Instructions for the task -
Retype all of the listing exactly, passing over any picture you find.

Supplied information -
○ ○ ○ ○

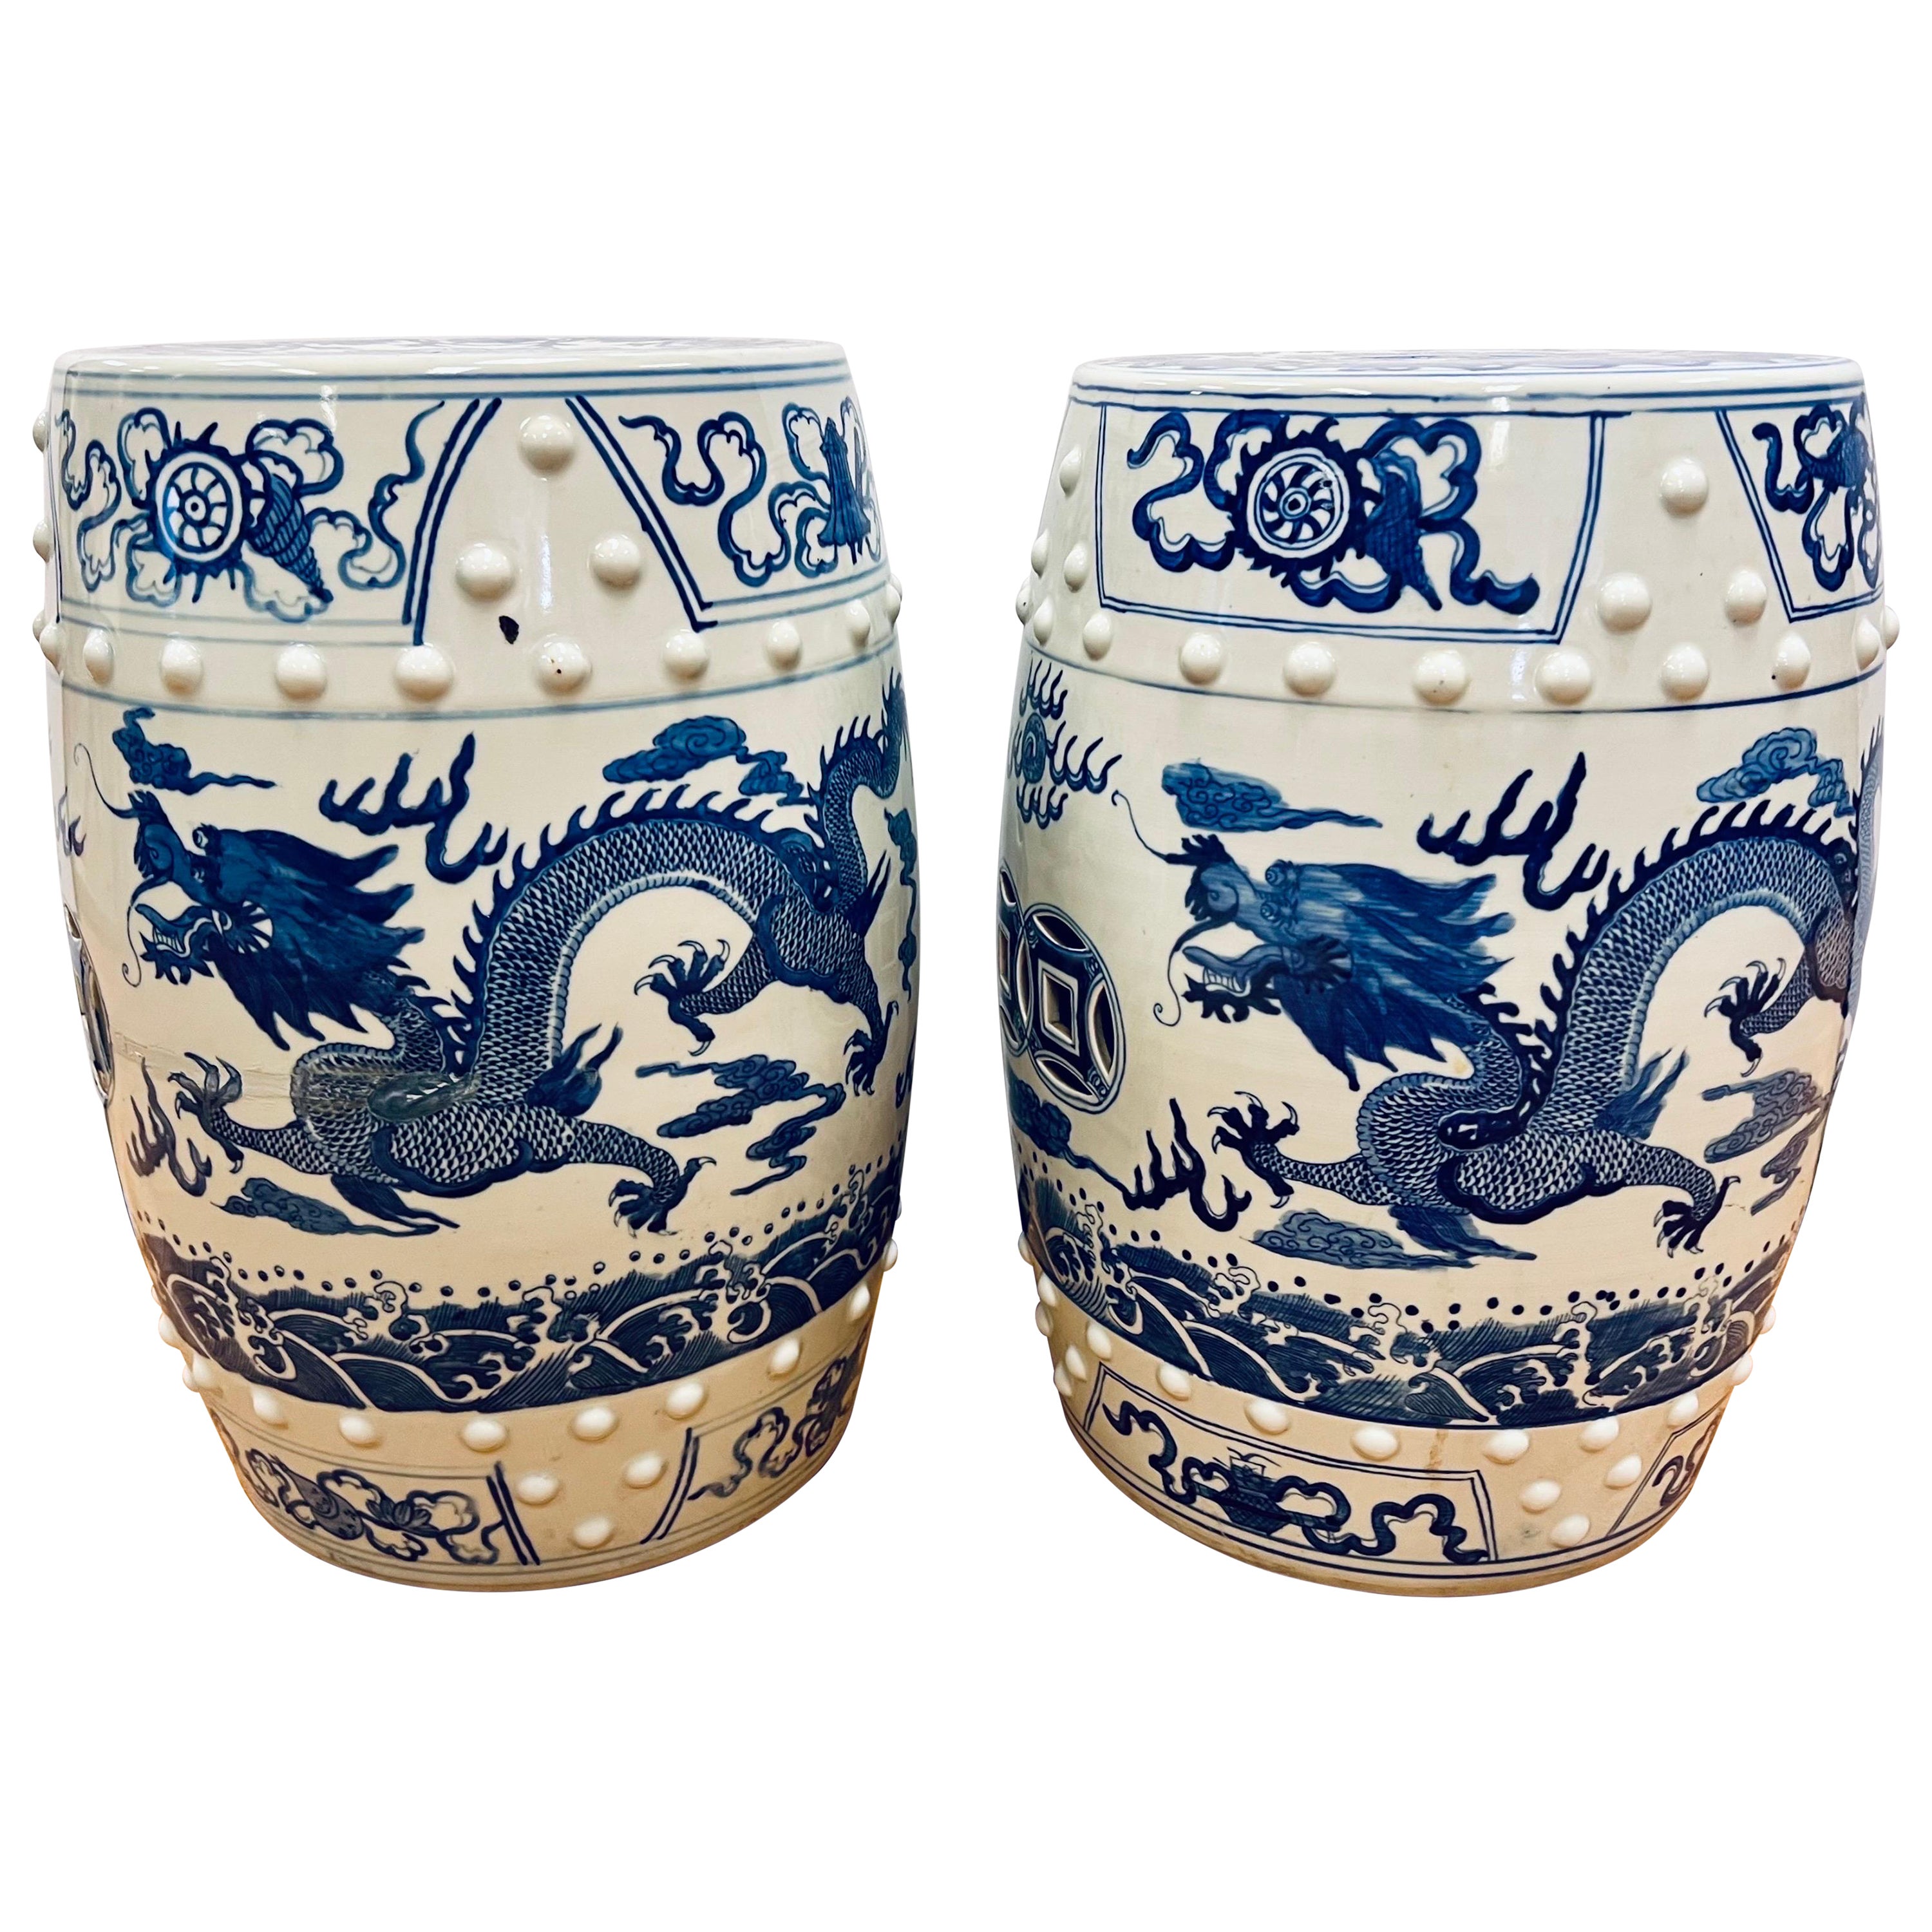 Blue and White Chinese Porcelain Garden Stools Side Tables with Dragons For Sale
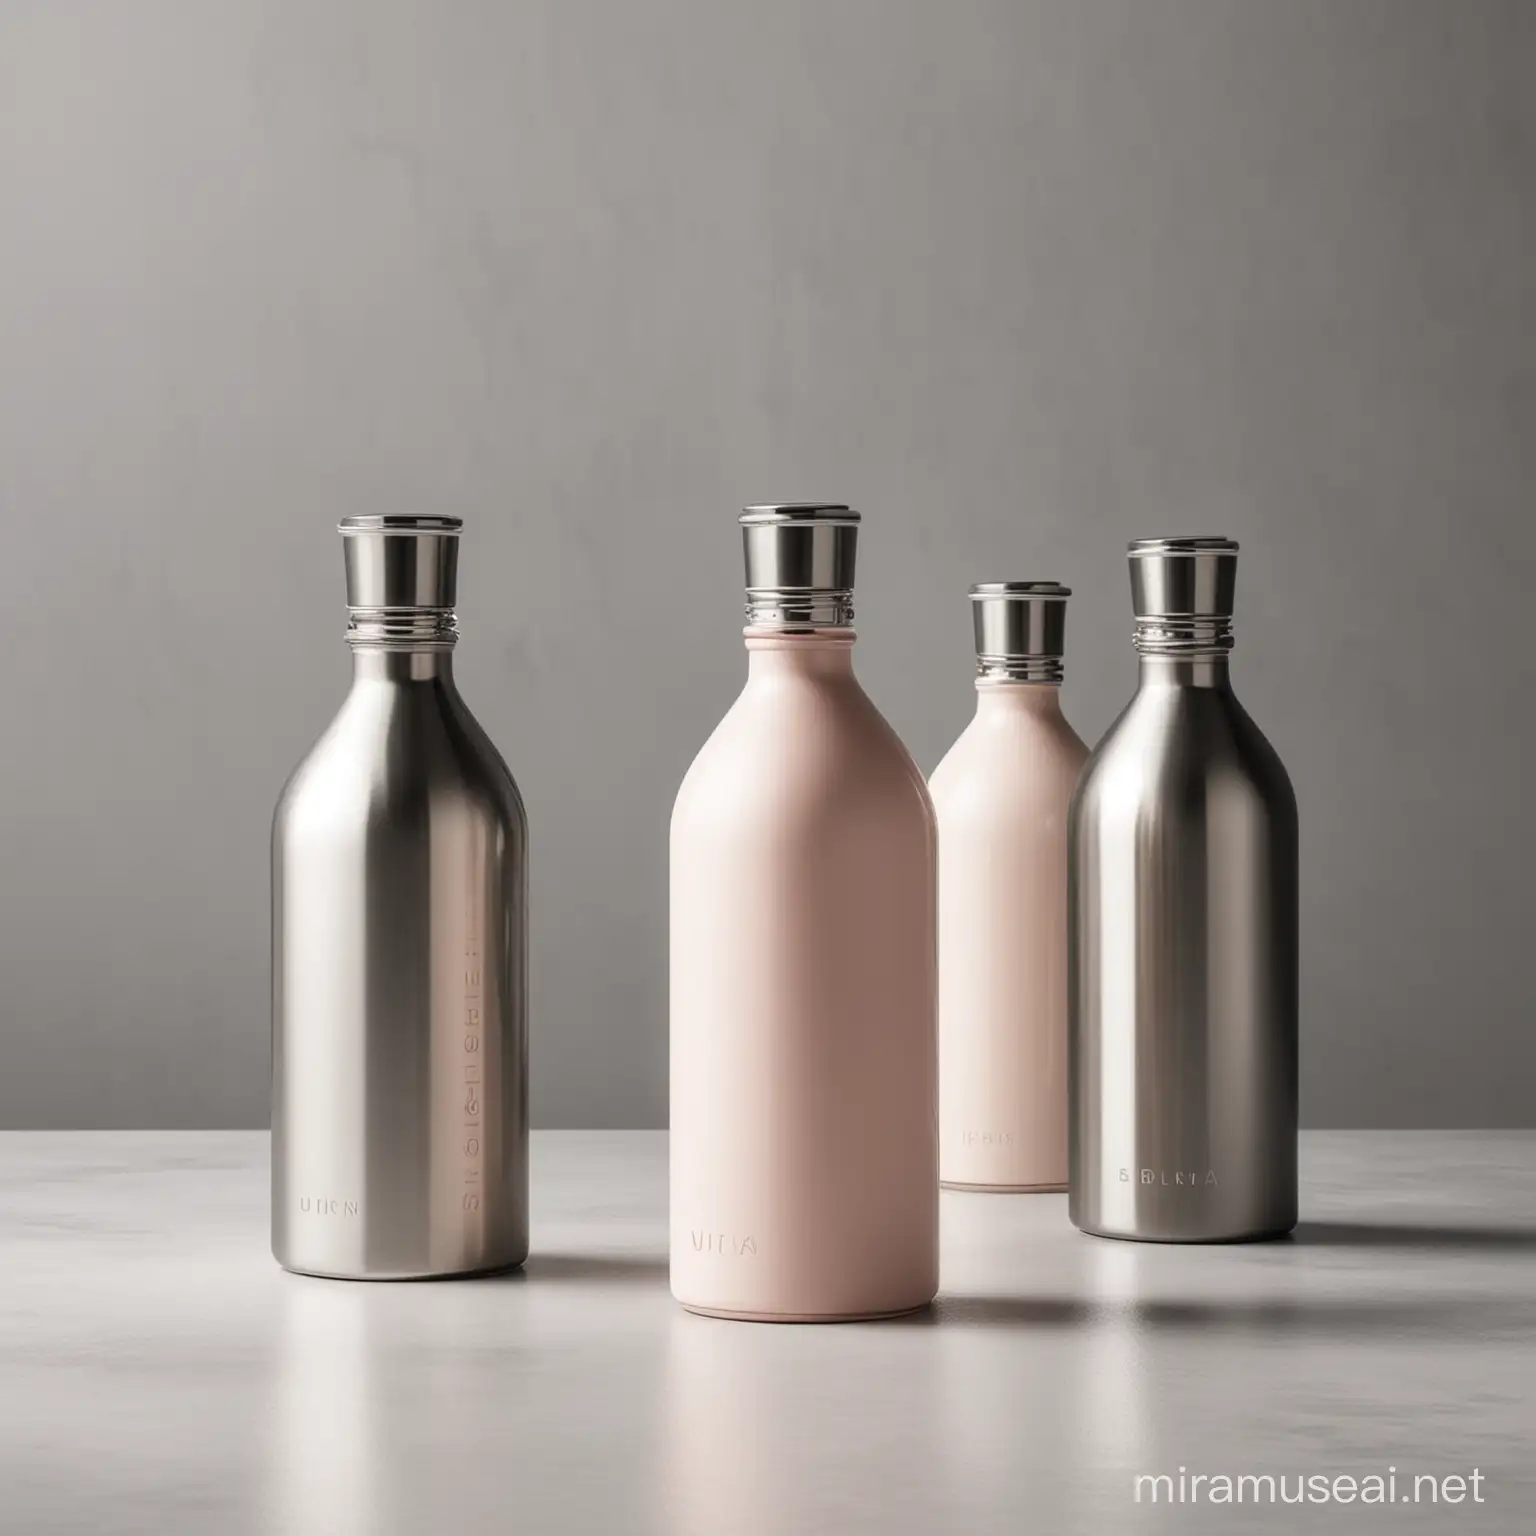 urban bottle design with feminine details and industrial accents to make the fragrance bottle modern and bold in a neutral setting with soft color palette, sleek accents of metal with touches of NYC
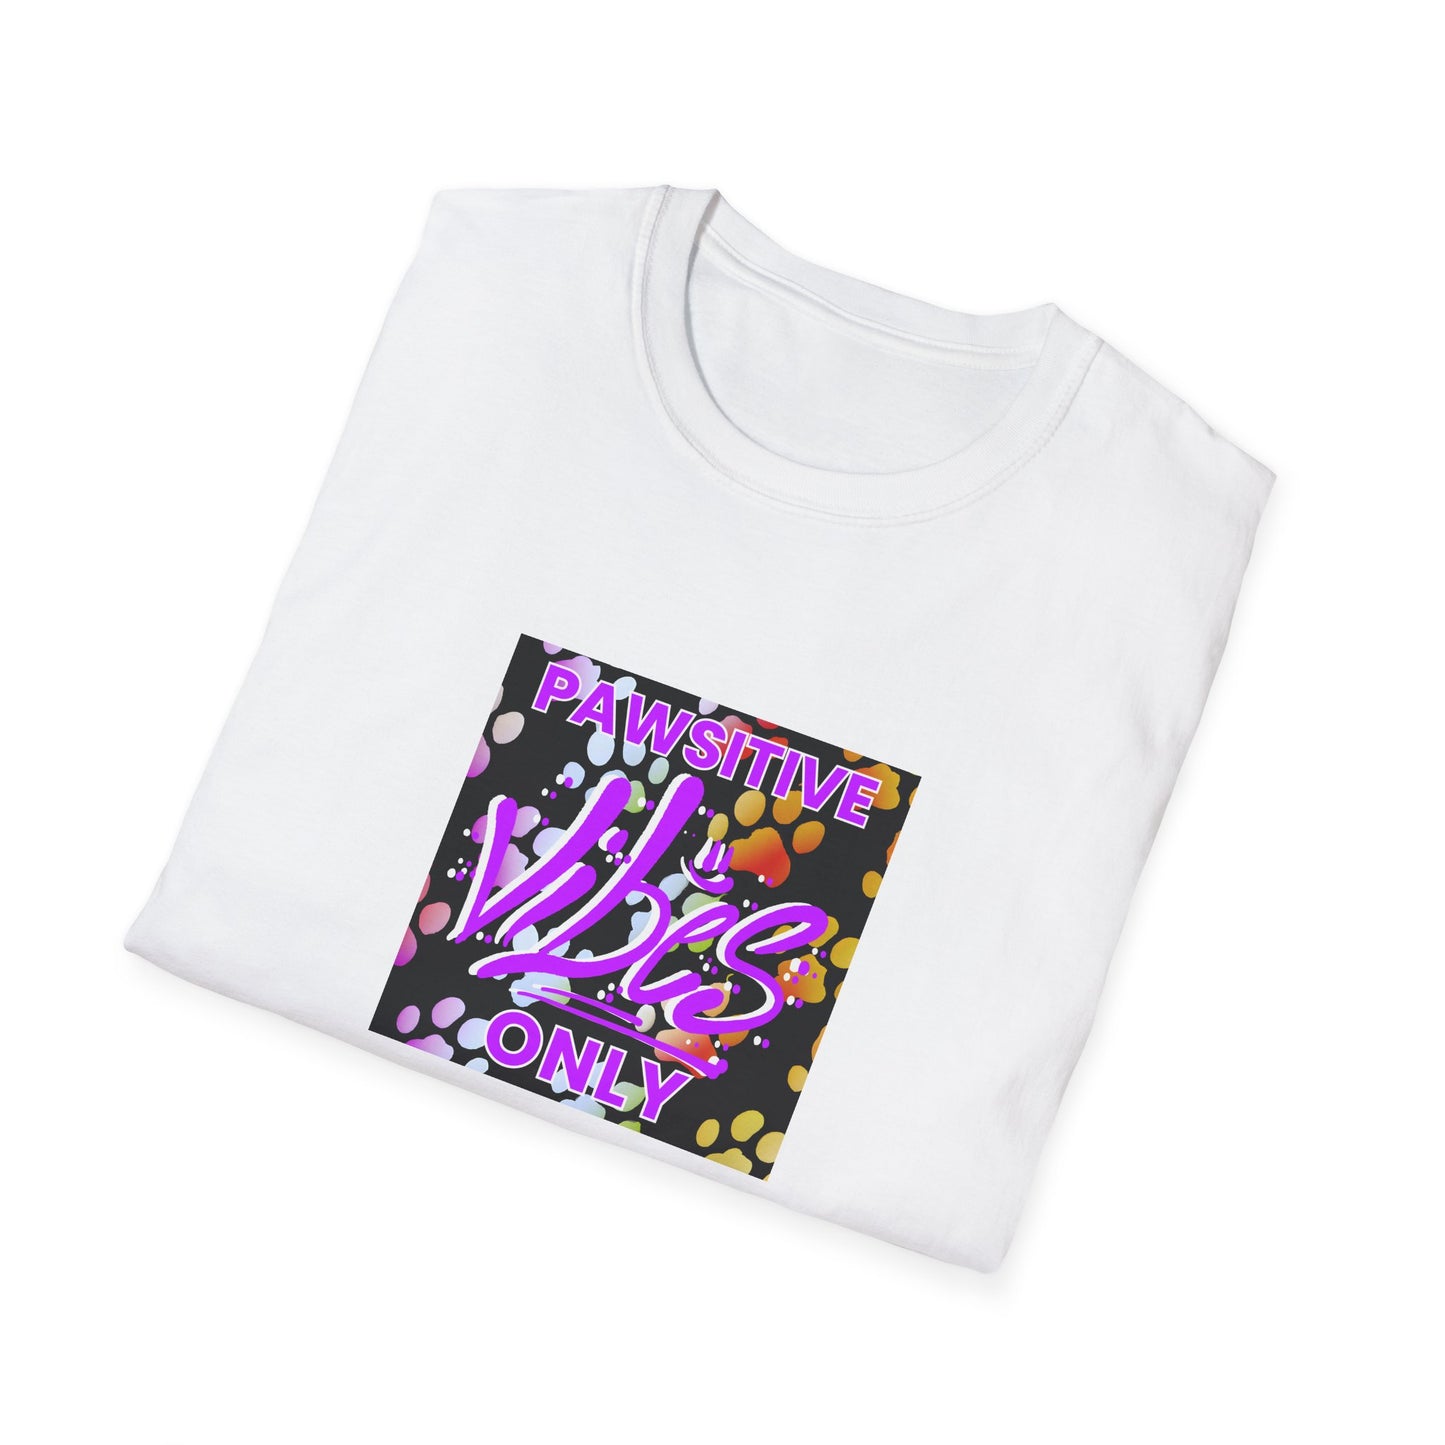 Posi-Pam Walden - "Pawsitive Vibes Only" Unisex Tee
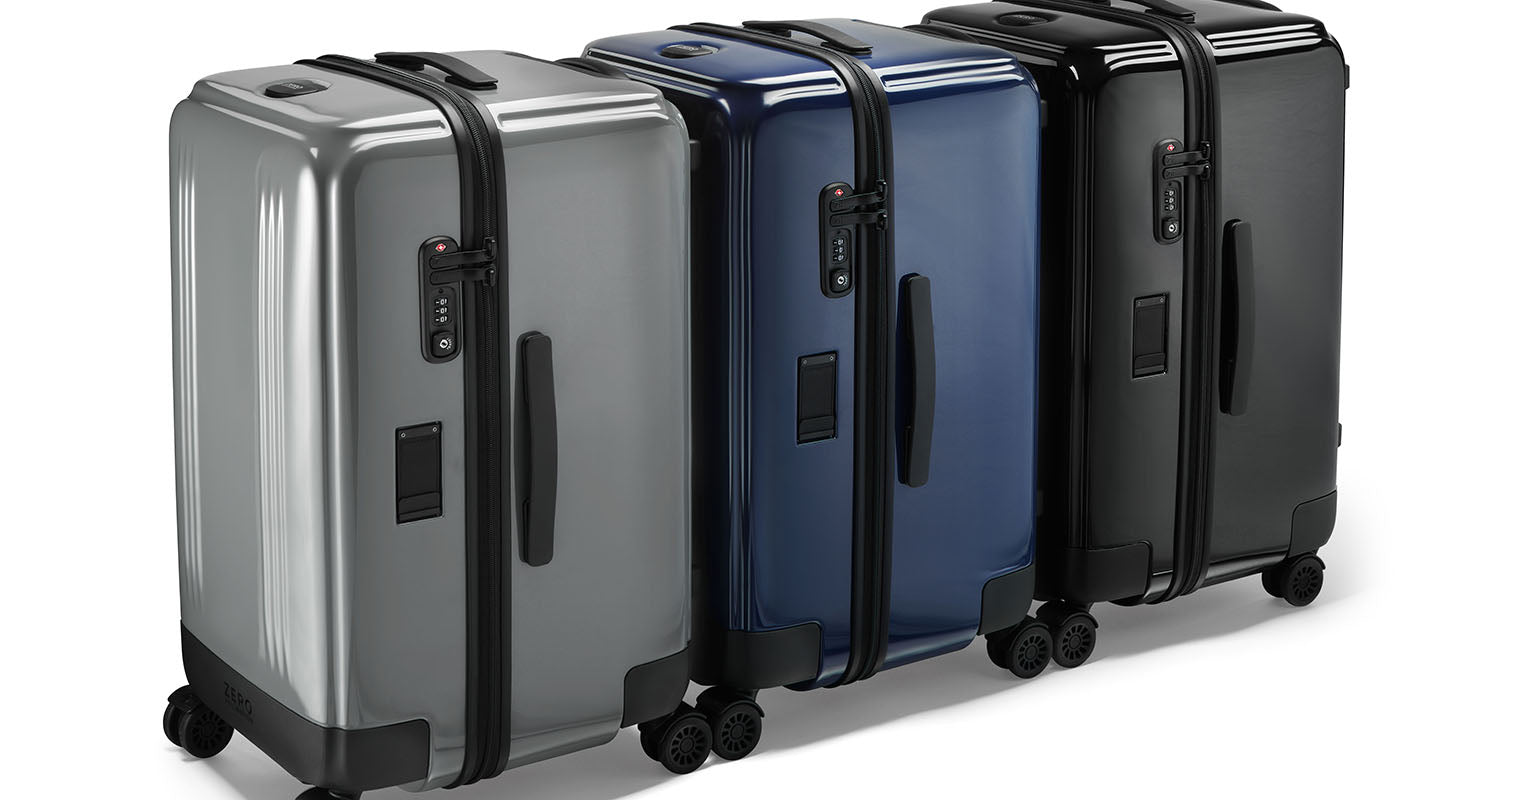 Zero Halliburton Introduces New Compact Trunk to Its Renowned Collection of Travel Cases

○ ○ ○ ○

Written answer -
 Blue and White Chinese Porcelain Garden Stools Side Tables with Dragons For Sale
 urban bottle design with feminine details and industrial accents to make the fragrance bottle modern and bold in a neutral setting with soft color palette, sleek accents of metal with touches of NYC
 Posi-Pam Walden - "Pawsitive Vibes Only" Unisex Tee
 Zero Halliburton Introduces New Compact Trunk to Its Renowned Collection of Travel Cases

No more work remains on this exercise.